Thursday, July 5, 2012

"Arthur Schnitzler--Being Jewish" (A dramatic reading at USC)

By: Vickie J. Rubinson
Diplomatic Circles

This performance reaches deep into the mind and soul of the renowned Austrian writer and dramatist, famous for his frank treatment of sex and psyche. Based on his journals, his correspondence and his dreams, the drama exposes Schnitzler's often conflicted feelings about being a Jew in the heady milieu of turn-of-the-century Vienna.

The performance will be followed by a roundtable discussion with a panel of distinguished scholars and a reception at the USC Forum, Thursday September 13 at 4p.m.

Arthur Schnitzler, son of a prominent Hungarian Jewish laryngologist Johann Schnitzler (1835-1893) and Luise Markbreiter (1838-1911), a daughter of the Viennese doctor Philipp Markbriter, was born in Praterstrasse 16, Leopoldstadt, Vienna in the Austro-Hungarian Empire. He began studying medicine at the University of Vienna in 1879 and received his doctorate of medicine in 1885 and worked at Vienna's General Hospital, but ultimately abandoned medicine in favor of writing.

His works were often controversial, both for their frank description of sexuality and for their strong stand against anti-Semitism, represented by works such as his play "Professor Bernhardi" and the novel "Der Weg ins Freie." However, though Schnitzler was himself Jewish, Professor Bernhardi and Frau Else are among the few clearly indentified Jewish protagonists in his work.

Schnitzler was branded as a pornographer after the release of his play "Reigen," in which ten pairs of characters are shown before and after the sexual act, leading and ending with a prostitute. The furor after this play was couched in the strongest anti-Semitic terms.
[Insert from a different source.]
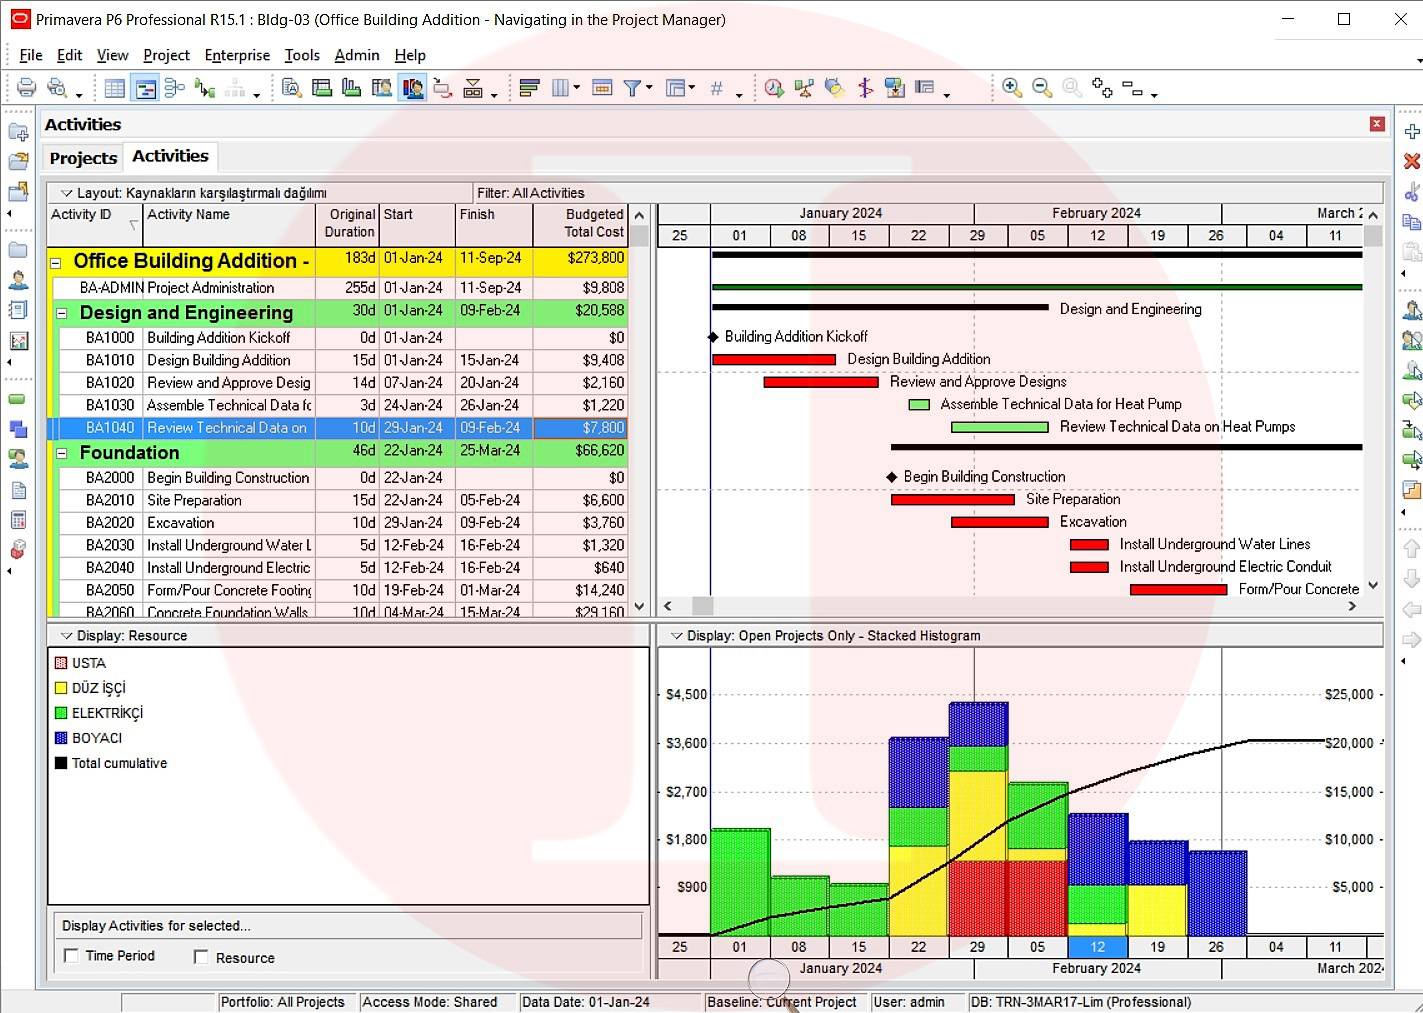 Planning and Scheduling with Oracle Primavera P6 Professional | Akim Engineering

In response to an interviewer who asked Schnitzler what he though about the critical view that his works all seemed to treat the same subjects, he replied, "I write of love and death. What other subjects are there?"
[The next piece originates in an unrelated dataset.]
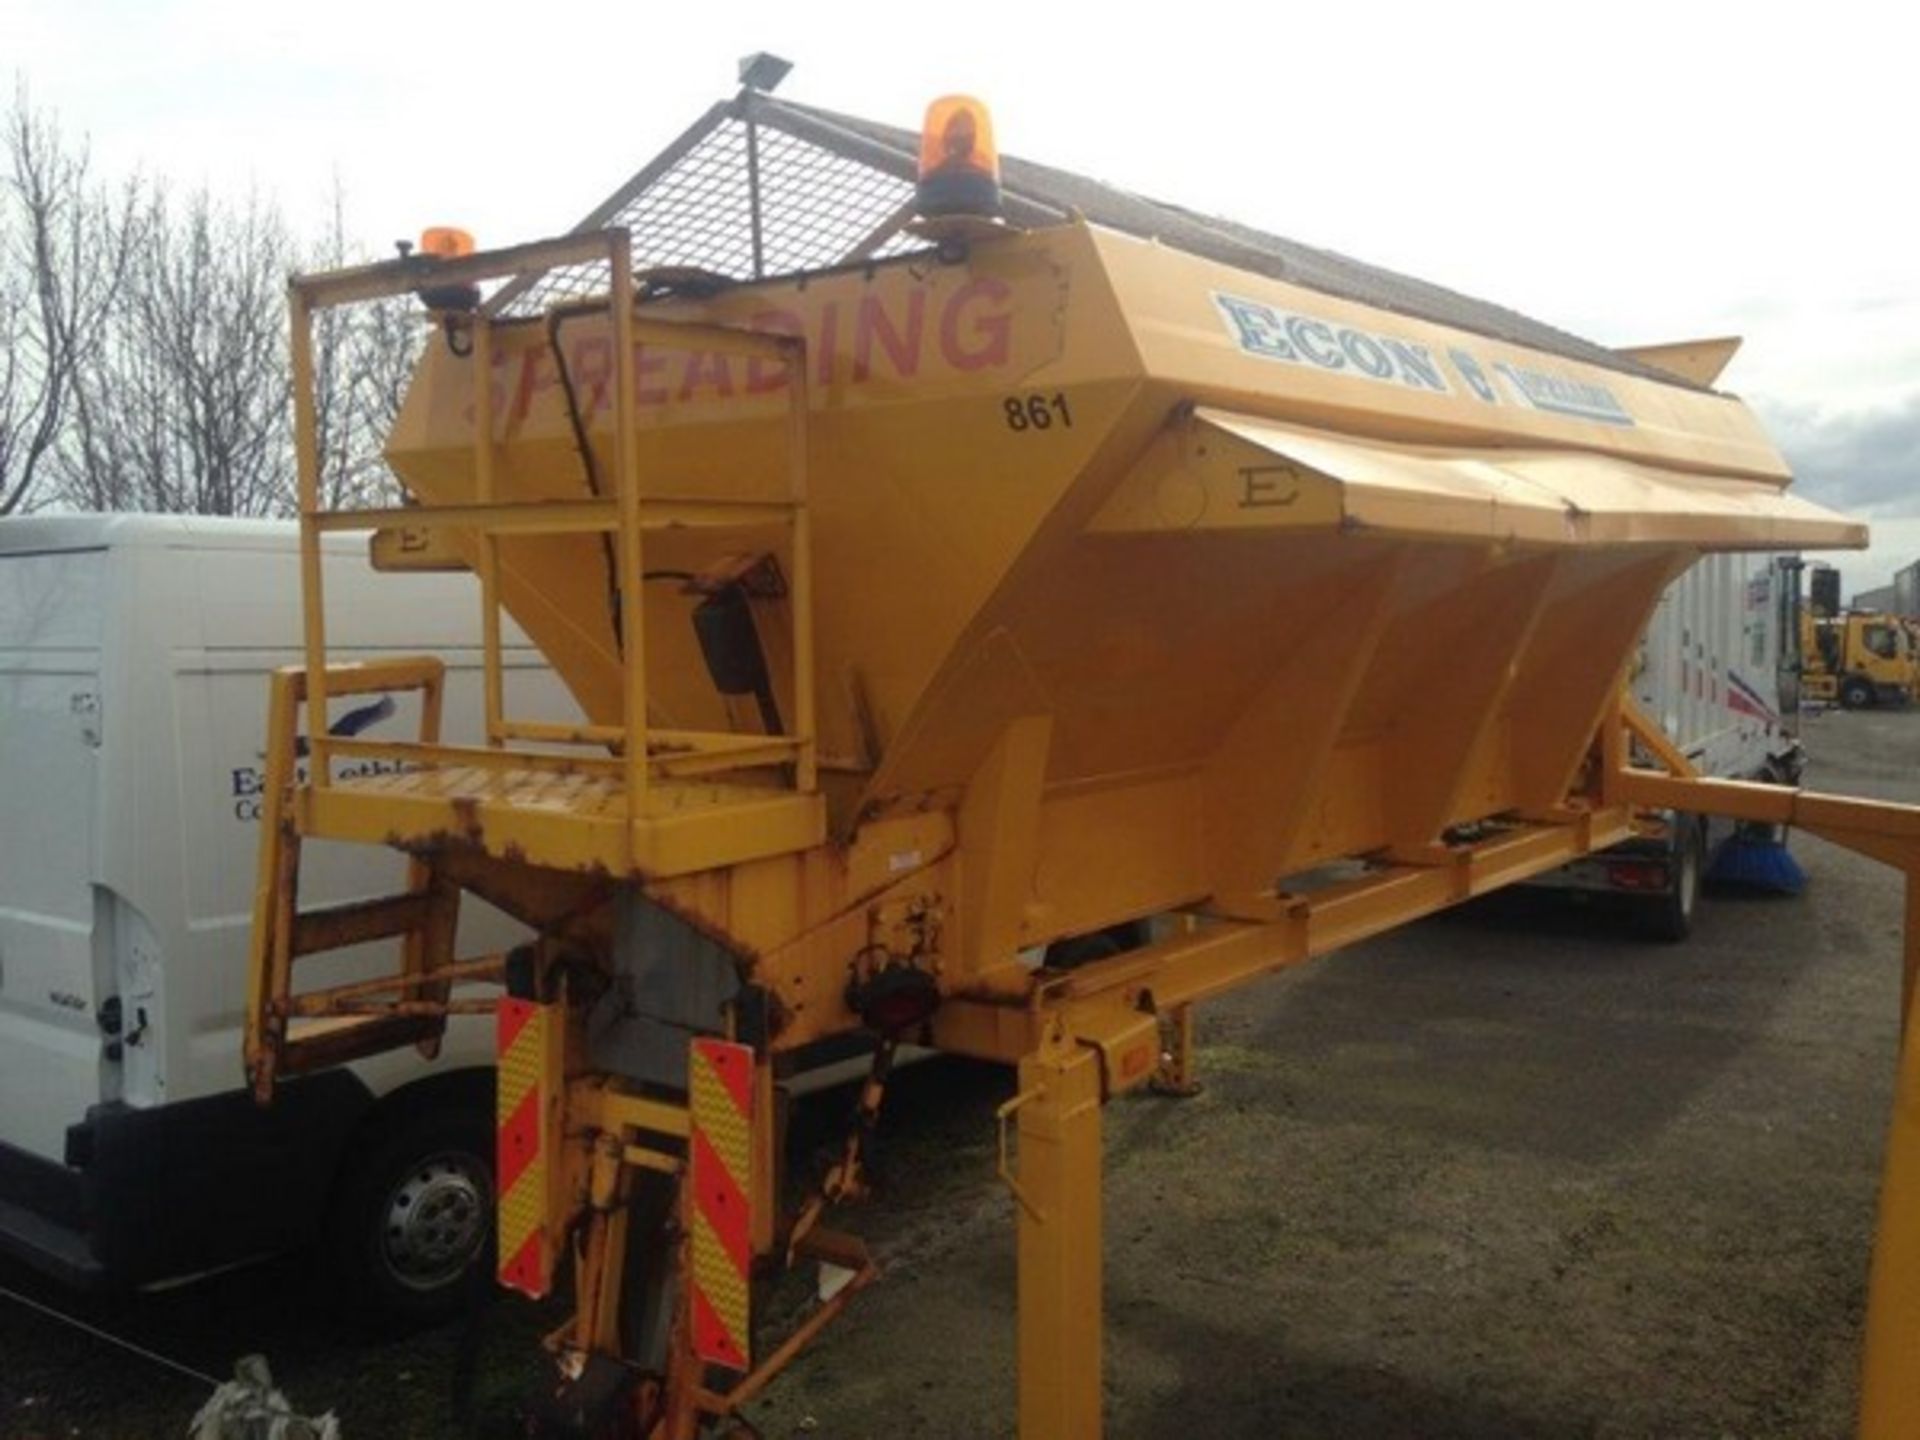 2004 ECON WZCQHJ46 body gritter s/n 37770 Reg No SN58 CVH (861) **To be sold from Errol auction s - Image 8 of 12

A member of the avant-garde group "Young Vienna," Schnitzler toyed with formal as well as social conventions. In addition to his plays and fiction, Schnitzler meticulously kept a diary from the age of 17 until two days before his death. The manuscript which runs to almost 8,000 pages is most notable for Schnitzler's casual descriptions of sexual conquests--he was often in relationships with several women at once and for a period of some years he kept a record of every orgasm.

Schnitzler's works were called "Jewish Filth" by Adolf Hitler and were banned by the Nazis in Austria and Germany. In 1933, when Joseph Goebbels organized book burnings in Berlin and other cities, Schnitzler's works were thrown into flames along with those of other Jews, including Einstein, Marx, Kafka, Freud and Stefan Zweig.

On August 26, 1903, Schnitzler married 21-year-old aspiring actress and singer Olga Gussmann who came from a Jewish middle class family. They had a son together, Heinrich (1902-1982)  and a daughter Lili who committed suicide. The Schnitzler's separated in 1921. Schnitzler died in 1931 in Vienna of a brain hemorrhage. Heinrich went to the U.S. in 1938, following the Anschluss and did not return to Austria until 1959.